Countercyclical spending can be enacted. In fact, it has. Unemployment benefits were extended but that will lapse. We could have easily given more money to the states. Even the war-related spending is, to a great extent, a temporary stimulus.
In short there is no reason to accept that stimulus today requires the levels of future deficits we now have before us. That is the point PK, and Delong and Akerlof have been making. I repeat, what impact on today’s unemployment would overturning the estate tax cut have?
If you follow the link to Akerlof's remarks and read them it's clear he's worried about the LT impact. He is not talking about the ST stimulus.
I also wonder how much of the tax cut money is going simply to fund the deficit? I mean the “Evil Rich” might not shove the windfall into a mattress but the government is borrowing the dough from someone. They aren’t barrowing it from childless, inheritance-less and dividend-less me who got left in the cold in the latest round of cuts.
And what is the back of an Eskimo pie wrapper calculations on the fact that the borrowing is dwarfing the tax cut? Sounds to me like the tax cut is simply funding the deficit, like a big shell game.
I'm still waiting for the day when Googling "billionaire-economist" yields more than three measly hits.
I find it odd that article talks about Bushes critic saying it (the Tax cuts) should have been more Keynesian, these tax cuts should have been temporary, not permament, but in actuality, they *are* temporaru, as the two tax cuts Bush got, gets phased out in 5 years and again in 7-8 years.
Countercyclical spending, except in a few rare instances, tends not to be temporary, and the markets price that in in exactly the same way that they price in the fact that Bush's tax cuts aren't meant to be temporary -- more so, I'd argue, as taxes have been raised much more regularly than spending has been cut over the last 75 years. And unemployment benefits that stretch beyond a year start introducing long-term supply side problems into the economy, even as they provide some moderate demand-side stimulus, which is why they are undertaken with only great reluctance.
"Countercyclical spending, except in a few rare instances, tends not to be temporary"
Is that why total federal spending spending as a share of GDP (table 8.4) has remained roughly constant for years and years? Its about the same now as it was in 1970 (albeit with a 4.5 point shift between defense and discretionary). The "other" category of discretionary - where you'd expect all this pork to end up - has varied between 3% & 4.2% of GDP, with little relation to the business cycle.
Excuse me, I was looking at the wrong side of the table. There was a 4 point shift from discretionary to mandatory (almost all in military).

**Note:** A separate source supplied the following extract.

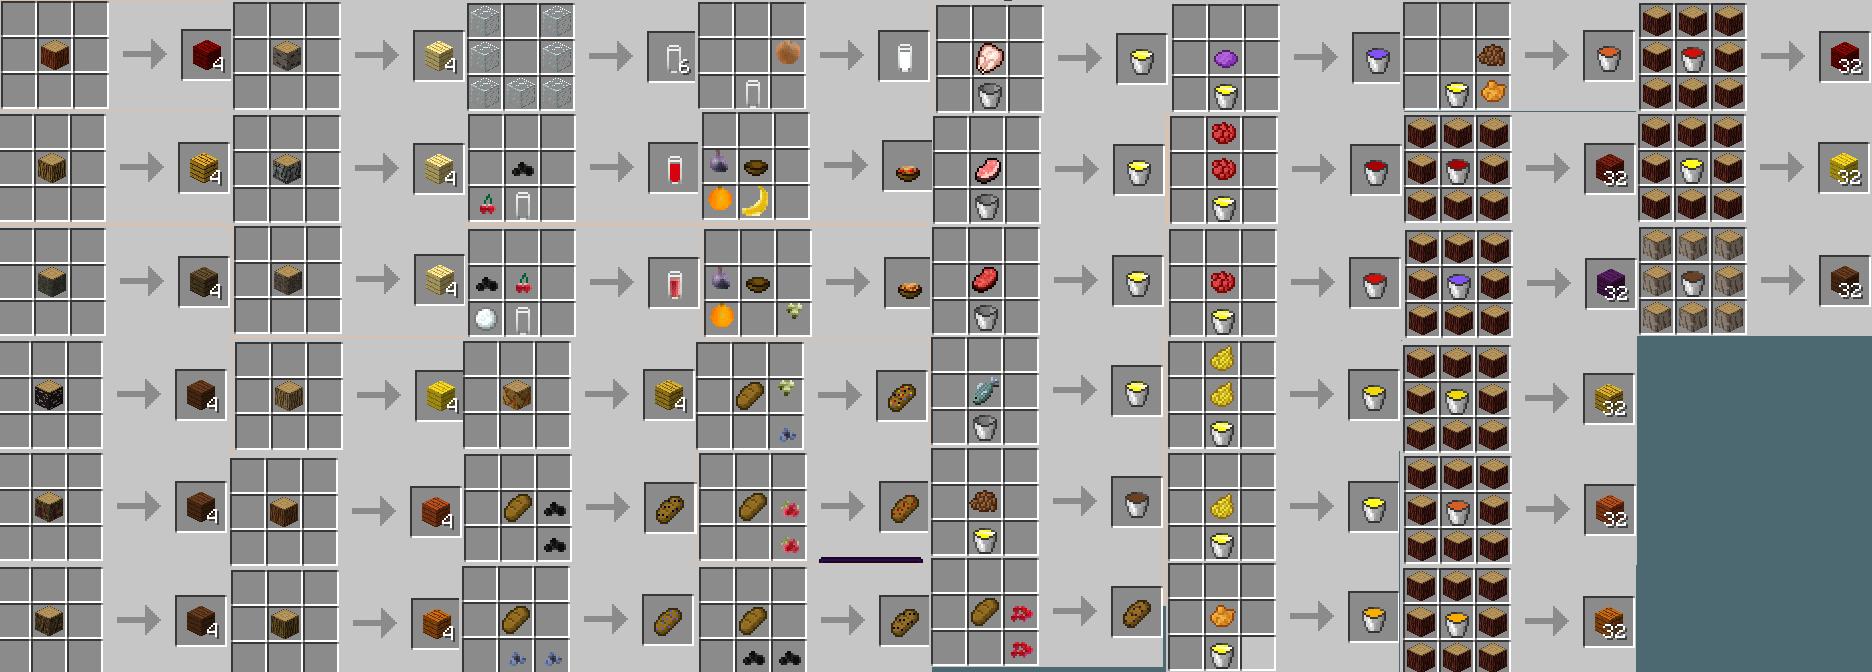 how to make a minecraft server 1.7 10

Total non-defense discretionary in 1970 was 3.8%; in 2002 it was 3.7%.
"Is that why total federal spending spending as a share of GDP (table 8.4) has remained roughly constant for years and years?"
Well, yes, given that GDP itself has been growing for years and years. I don't see any reason why Federal spending should keep up with GDP growth.
"I don't see any reason why Federal spending should keep up with GDP growth."
Because people's marginal preference for government spending isn't zero? Bonus question: why does the Pentagon budget go up every year?